Colts wide receiver Reggie Wayne ran sixty-two yards for a touchdown near the halfway point of the third quarter. Indianapolis 17 and San Diego 14. Sugoi! The Chargers weren’t going to have a Colts gallop, were they? Well. Between successful passing and rushing, the Chargers got down the field. Darren Sproles was aiming for the end zone, was brought down a couple yards before the goal line, and the ball came rolling out: a fumble recovered by defensive tackle Raheem Brock in the end zone for a touchback.

The fourth quarter skipped beyond the halfway mark’s lou and the two-minute warning before any more scoring would be done. Would the Chargers kicker Nate Kaeding have a chance to tie the game? A twenty-six yard field goal attempt hit the spot. Both teams 17. Would the Colts be able to sprinkle out some offense magic without going into over-time? Non. The Chargers’ offense took to the stage first in over-time; seven to eight minutes later, Darren Sproles got himself into the end zone for a TD. San Diego 23 and Indianapolis 17. Final score.

Observations & Miscellania:

1. Al Michaels and John Madden served up game remarks. They mentioned in the second quarter that Peyton Manning hadn’t cut his hair in nine weeks.

2. I like the light blue Chargers uniform.

3. The Colts had to punt the ball away with three minutes left in the second quarter. Al Michaels noted that the ball landed on the “Colt 45.” I laughed.

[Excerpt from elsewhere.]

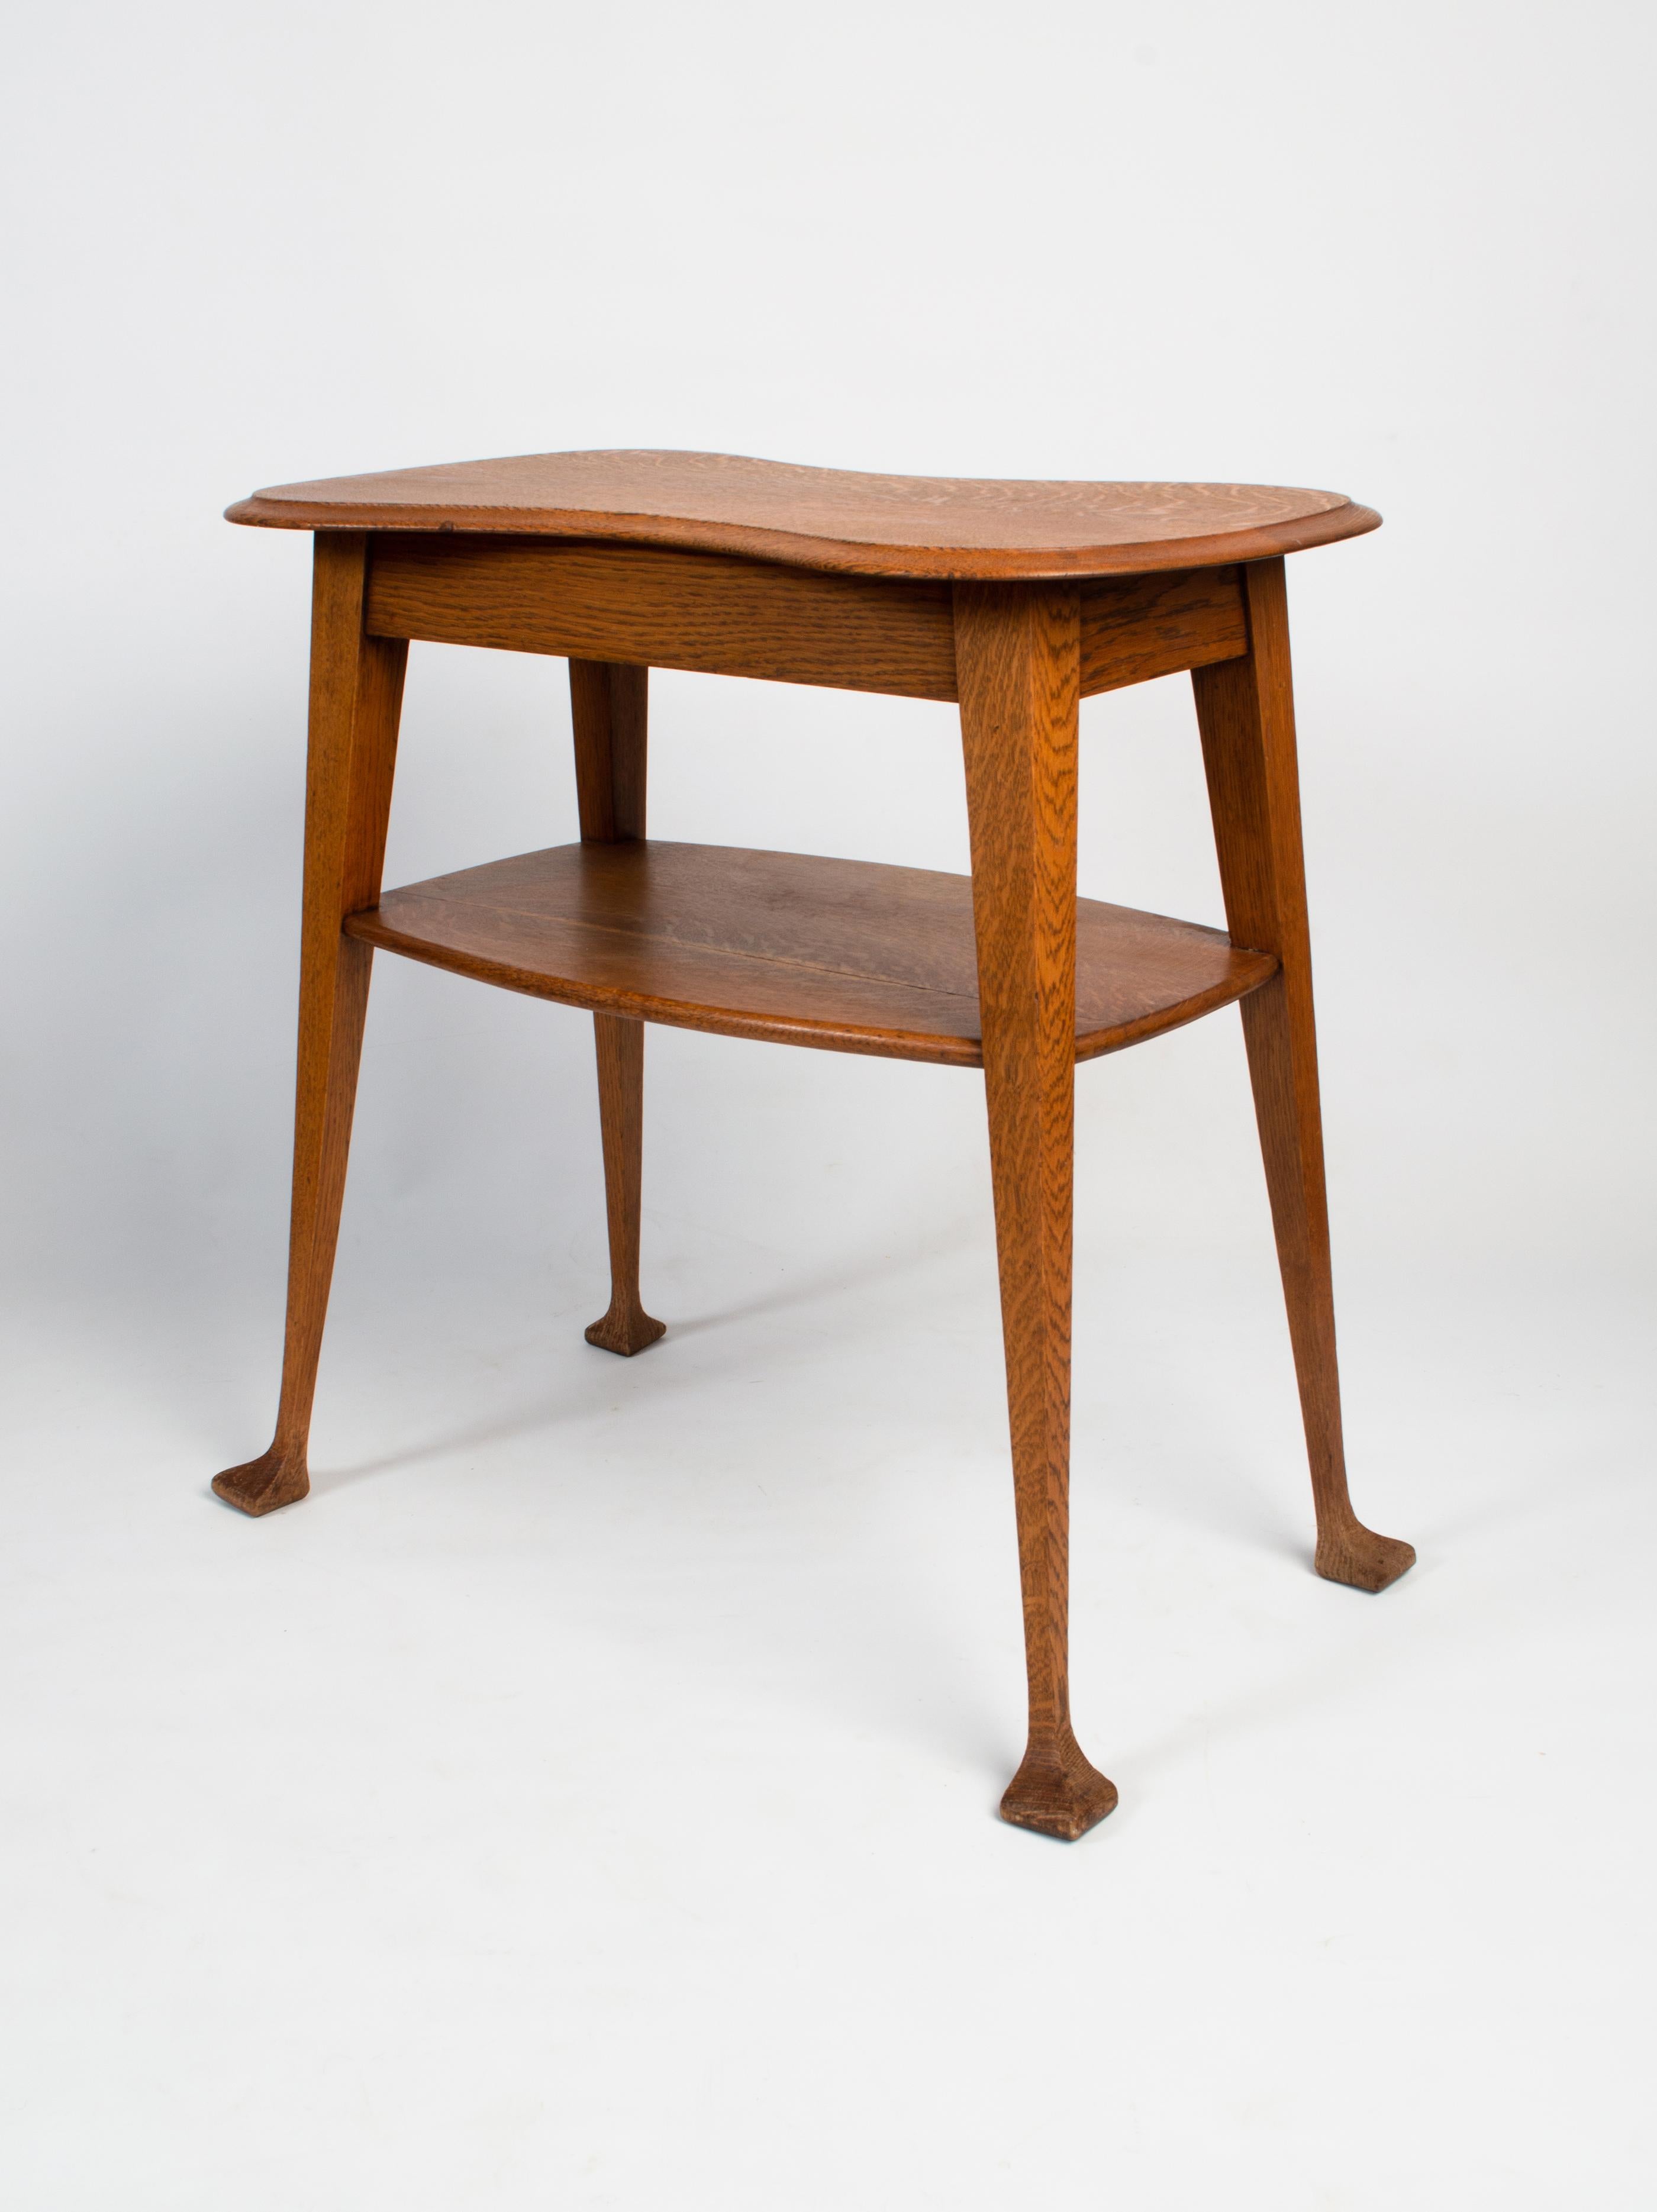 Antique English Shapland & Petter Arts & Crafts Golden Oak Side Table C.1890 For Sale 4

4. Al Michaels mentioned in the third quarter that Darren Sproles is 5’6 and 180 pounds. I’m 5’3 and 104 pounds. If he and I ever stood in a single file line, I could probably hide behind him.

5. I had noted in my entry on the 2009 Orange Bowl that the yardage numbers on the field were outlined in orange. The numbers on the Qualcomm turf are outlined in light blue.

6. When did San Diego’s head coach Norv Turner put on glasses? Was he wearing glasses the entire time? I noticed them in the fourth quarter.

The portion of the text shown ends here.